An Ecuador court had convicted former Vice President Jorge Glas of bribery and corruption last year. Glas fled to the Mexican Embassy in Quito. On April 5, after four months, Mexican Embassy officials granted asylum to the fugitive Glas.

So Ecuador police stormed the embassy. Surveillance video shows police shoving Mexico’s ambassador to the ground during the raid. The conflict ignited major “quarrels and conflicts” between the two countries.

An embassy is the headquarters for government representatives serving in another country. Important government officials work and sometimes live there. Most embassies enjoy particular privileges. For example, embassy officials have something called “diplomatic immunity.” That means the host country cannot prosecute embassy employees for violating local laws.

An embassy is viewed as the property of the embassy country, not the host country. No one may enter an embassy without permission—not even to put out a fire!

Attacking a country’s embassy is treated as attacking the country. That is why people sometimes seek protection inside an embassy friendly to their cause.

Mexico says Ecuador violated worldwide law when its troops stormed the Mexican embassy to grab Glas.

Leaders across Latin America condemned the raid. Many called it a violation of the rules of global relations known as the Vienna Convention.

“There are lines in international law which should not be crossed,” says Alejandro Celorio Alcantara, Mexico’s legal advisor. “The Republic of Ecuador has crossed them.” He warns the action may become a pattern.

Mexico wants the UN’s International Court of Justice (IJC) to “provide full protection and security” for the embassy, to award restitution money, and to suspend Ecuador from the United Nations.

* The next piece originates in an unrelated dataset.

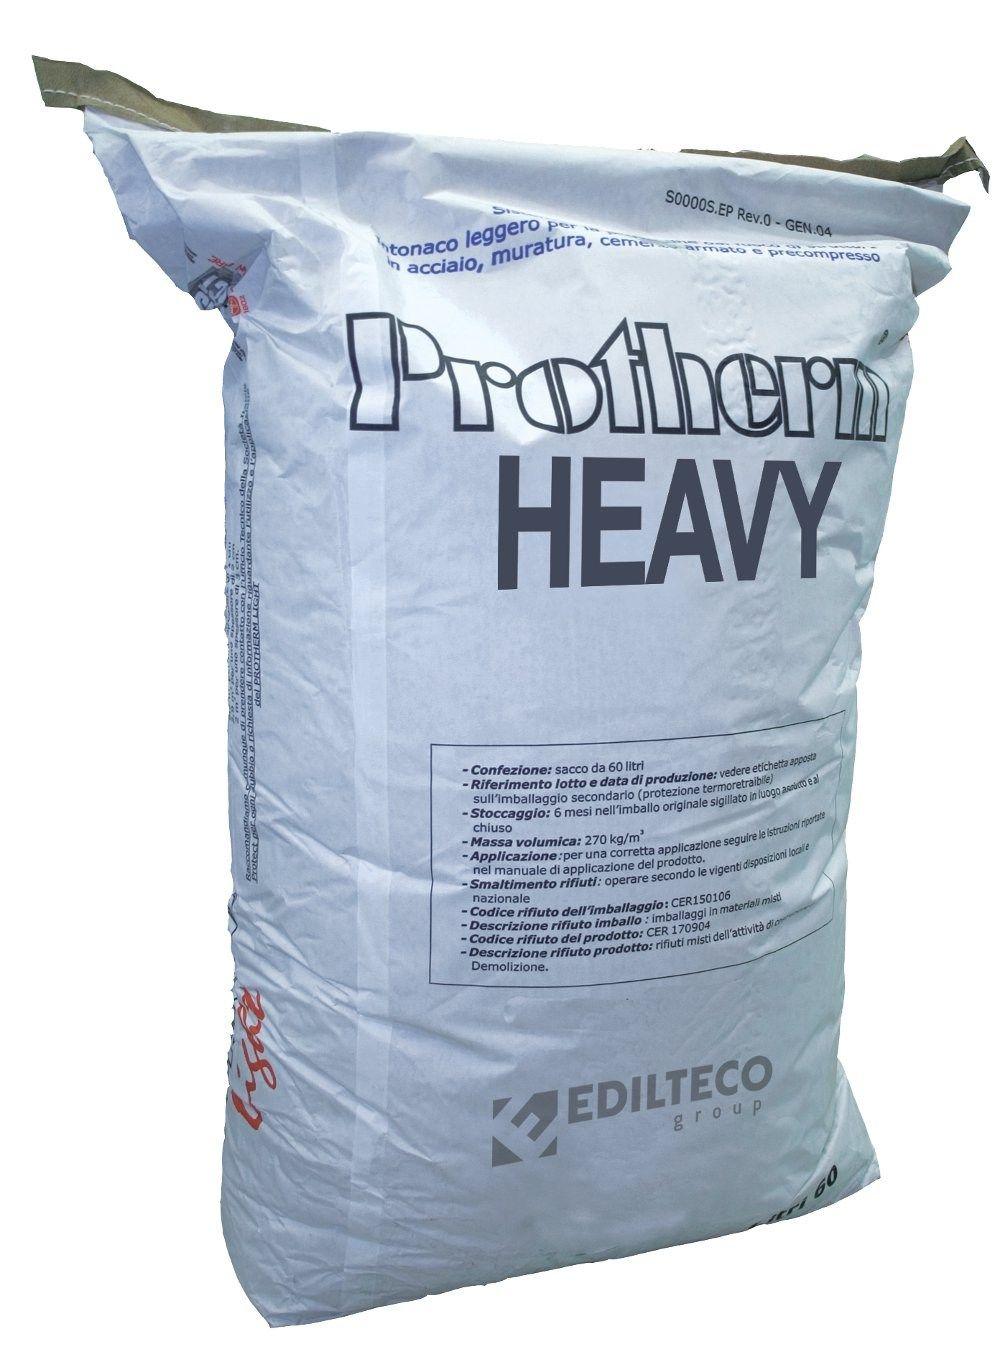 Fire Resistant Plaster : Fire resistant plaster protherm heavy by edilteco

Ecuador defends its incursion into the Mexican embassy. Officials say they acted to seize a convicted felon inside.

Ecuador filed its own case at the IJC. It contends that Mexico’s granting of asylum to a convicted criminal was itself a violation of the Vienna Convention.

“Mexico, for months misused its diplomatic premises in Quito to shelter a common criminal,” says the leader of Ecuador’s legal team, Andres Teran Parral.

With all the back-and-forth, it’s likely to take months for the IJC to sort the accusations and arrive at a verdict.

Why? Global conflicts offer a window into human relations. Pride, greed, self-interest, lawlessness—these things drive countries as well as individuals. God calls and equips Christians to behave differently.